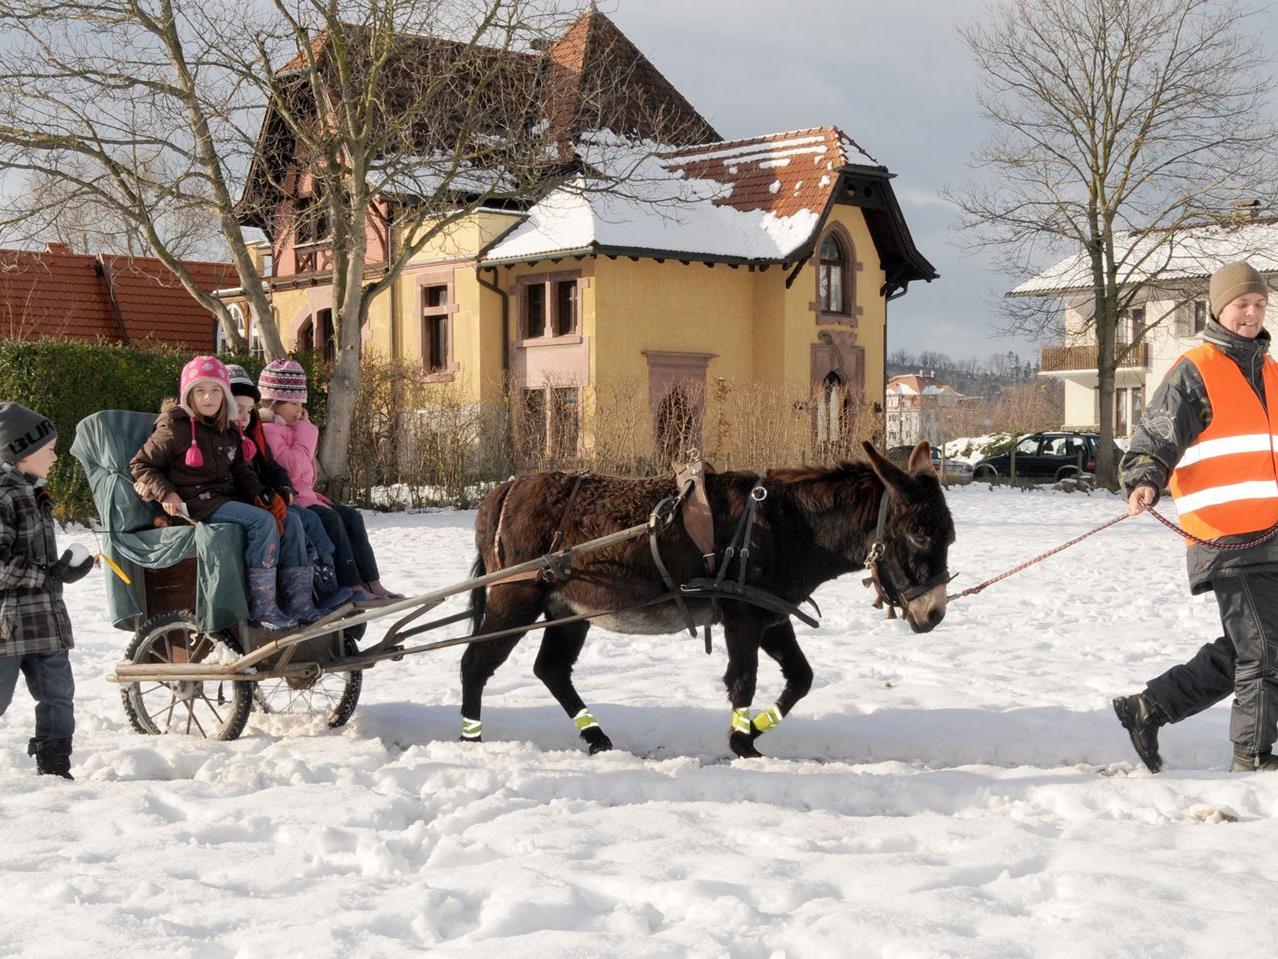 Ausfahrt im Eselwagen beim Weihnachtsmarkt in Gaißau am Sonntag, den 16. Dezember
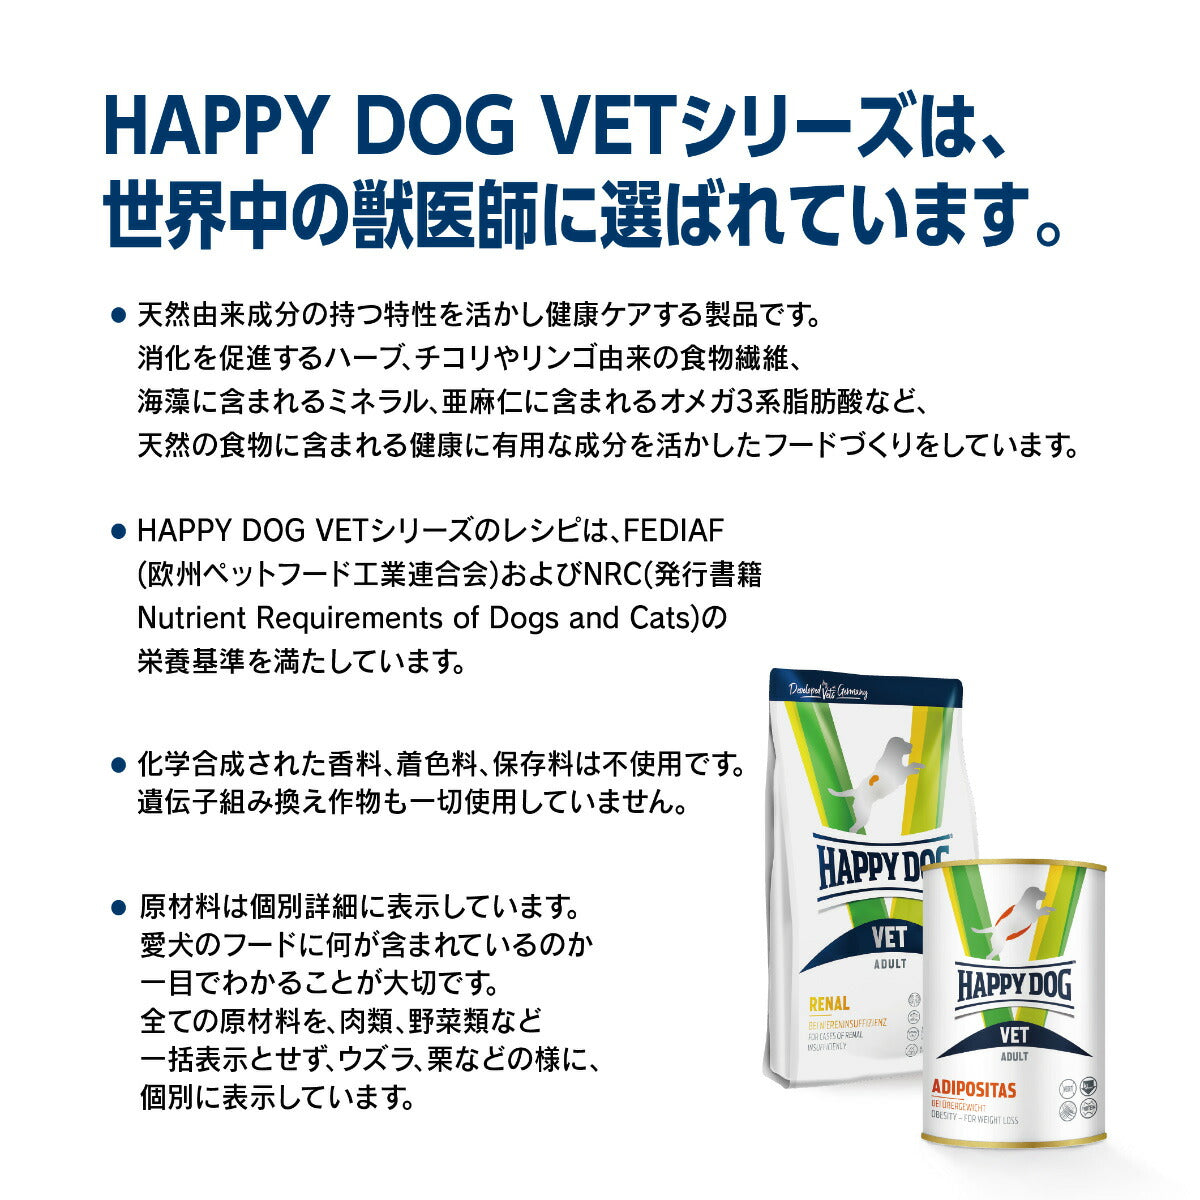 ハッピードッグ HAPPY DOG VET ドッグフード 犬用療法食 インテスティナル ローファット（消化器ケア/低脂肪） 80g
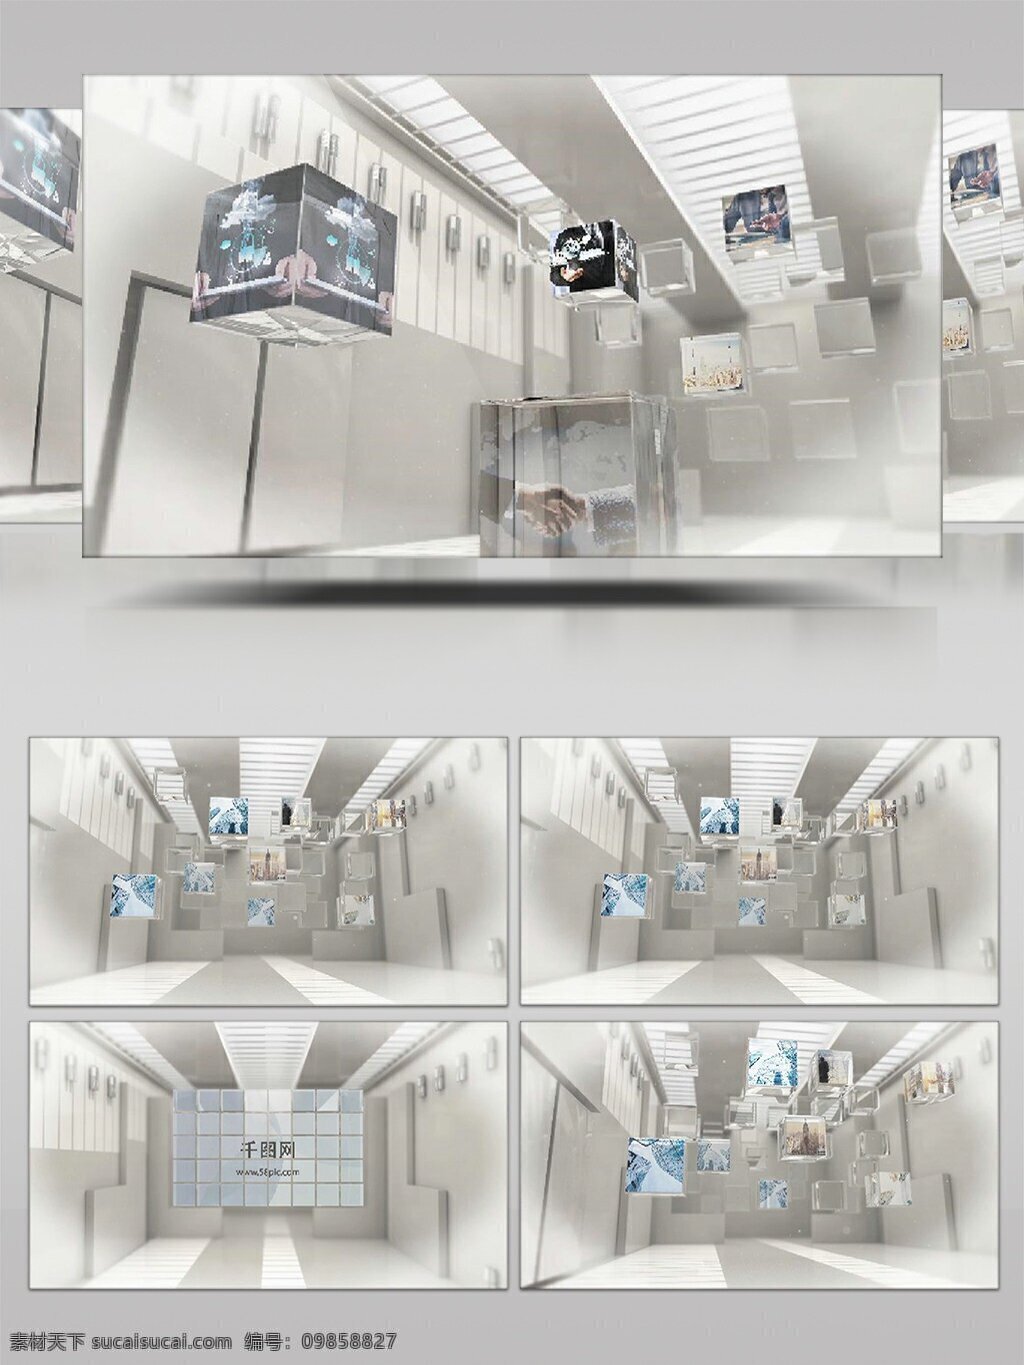 创意 白色 空间 中 玻璃 立方 盒子 组 合成 标志 ae 模板 商务企业 展示宣传 玻璃特效 视频素材 ae模板

■ ■ ■ ■ ■ ■ ■

_WHAT TO WORK ON:_ From the first line to the last, set down the data exactly, without the pictures.

_FINAL ANSWER:_
 Ausfahrt im Eselwagen beim Weihnachtsmarkt in Gaißau am Sonntag, den 16. Dezember
 ハッピードッグ HAPPY DOG VET ドッグフード 犬用療法食 インテスティナル ローファット（消化器ケア/低脂肪） 80g
 创意 白色 空间 中 玻璃 立方 盒子 组 合成 标志 ae 模板 商务企业 展示宣传 玻璃特效 视频素材 ae模板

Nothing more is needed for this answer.